Palestine-Israel Conflict

Nablus and Jenin

Families scrabble in the dust to find their dead

by Justin Huggler in Jenin
19 April 2002
Source: PalestineMonitor.org

When they found the body it was in pieces and so they gathered it all up out of the rubble, great chunks of blackened, rotting flesh with bits of bone sticking out, and piled them up on a blanket. The smell made us retch and stumble away, gasping for clean air. The Palestinians said the putrefying flesh and bone was Mohammed Massoud Abu Sb'a.

The people of Jenin refugee camp returned to look for their dead yesterday amid the devastation that the Israeli army had made of their homes. The destruction was more complete than an earthquake, yet the Israelis have not allowed in any heavy lifting equipment, so the Palestinians dug out the bodies with their hands, scrabbling in the dust and heaving away the broken blocks.

Aid workers and human rights monitors have started to call this ground zero. The television pictures do not convey the devastation. You have to come here to walk over the dust and rubble that used to be people's homes, picking your way through the little pieces of their lives, the children's schoolbooks and discarded clothing. You have to smell the stench of death that clings to certain corners. The piles of rubble tower high above your head and the work of removing the bodies is nerve-racking and haunting.

Terje Roed-Larsen, the United Nations envoy to the Middle East, visited the most heavily damaged area and described the scene as "horrific beyond belief". Israel's actions were unjustifiable, no matter what the military objective, he said, demanding that Israel allow unrestricted access to humanitarian agencies. "Jenin will for ever be a blot on the history of the state of Israel," he told Israel Army Radio.

The army is supposed to be removing the bodies, accompanied by the Red Cross, but when the curfew was lifted for a few hours the Palestinians returned in their droves to look for their own dead.

Despite the pullback of Israeli troops reported by witnesses, Jenin was still closed to journalists. We had to sneak in across fields, trying to avoid being seen by Israeli soldiers.
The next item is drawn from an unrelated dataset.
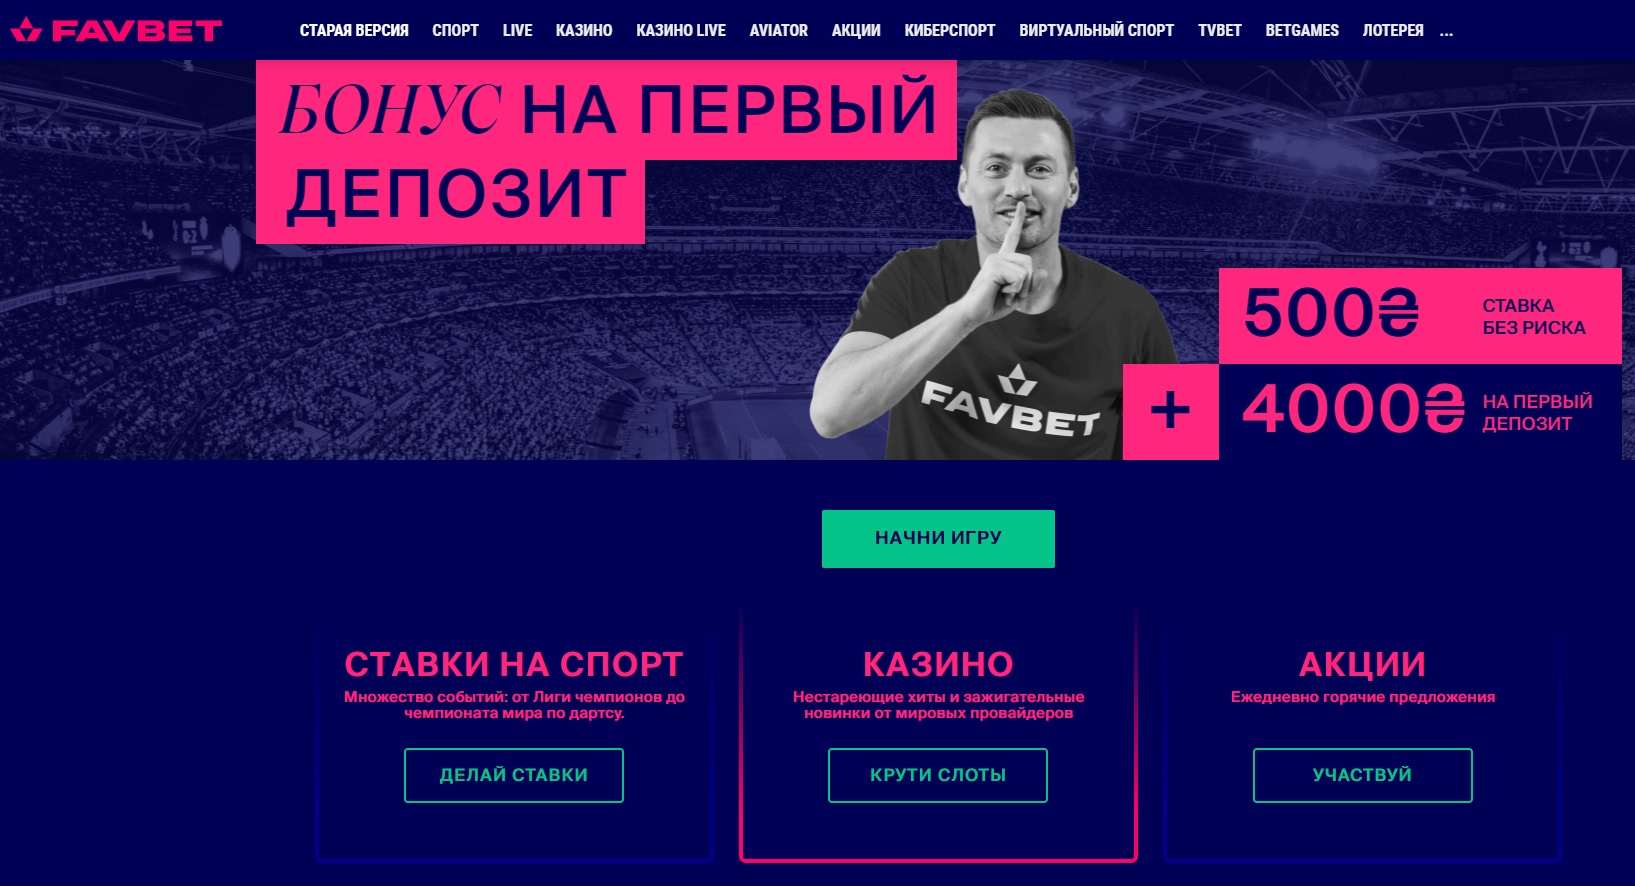 sajt favbet com

The Palestinians crawled into the wreckage, ducking under the perilously hanging piles of broken concrete. Someone was distributing masks to those digging to ward off the stench and the disease.

Moving around is still dangerous for Palestinians. Two men were brought into the hospital after being shot at. Ali Abu Salim, 65, had gone to a nearby village to see his grandchildren. As he tried to come home yesterday Israeli soldiers fired on the car, injuring Mr Abu Salim in the arm and the driver, Yasin Khalil, in the buttock. Mr Abu Salim told us his son Mohammed was killed during the Israeli onslaught on Jenin refugee camp.

One woman said she was seeking her two sons. It is possible they are among hundreds of young Palestinian men the Israeli army has detained. Or they could be in the rubble.

Another woman stopped us outside the hospital. Something had happened to her sister, but she would not explain what. "See what Sharon has done to us,'' she said hysterically. "America is with Sharon, Britain is with Sharon.''

Slowly the bodies are emerging. So far only 36 have been identified, said the director of the hospital, Dr Mohammed Abu Ghali. Four are women, one is a 13-year-old child. And the rumour persists that bodies have been removed. Israeli military sources have said it was the army's original intention to take the bodies away and bury them in a "special cemetery'' in the Jordan Valley. But now they say that the plan was dropped.

A large white lorry was hanging around Jenin yesterday. The Palestinians said it was a refrigerator lorry. Dr Abu Ghali said the Israel soldiers handed over five bodies, out of the back of the lorry, to the hospital authorities for burial. Hospital staff were burying the bodies they had identified in a makeshift cemetery behind the hospital. The grave was marked out with white stones. It was only a temporary resting place, he said. For now, amid all the destruction, there was nowhere else to put them.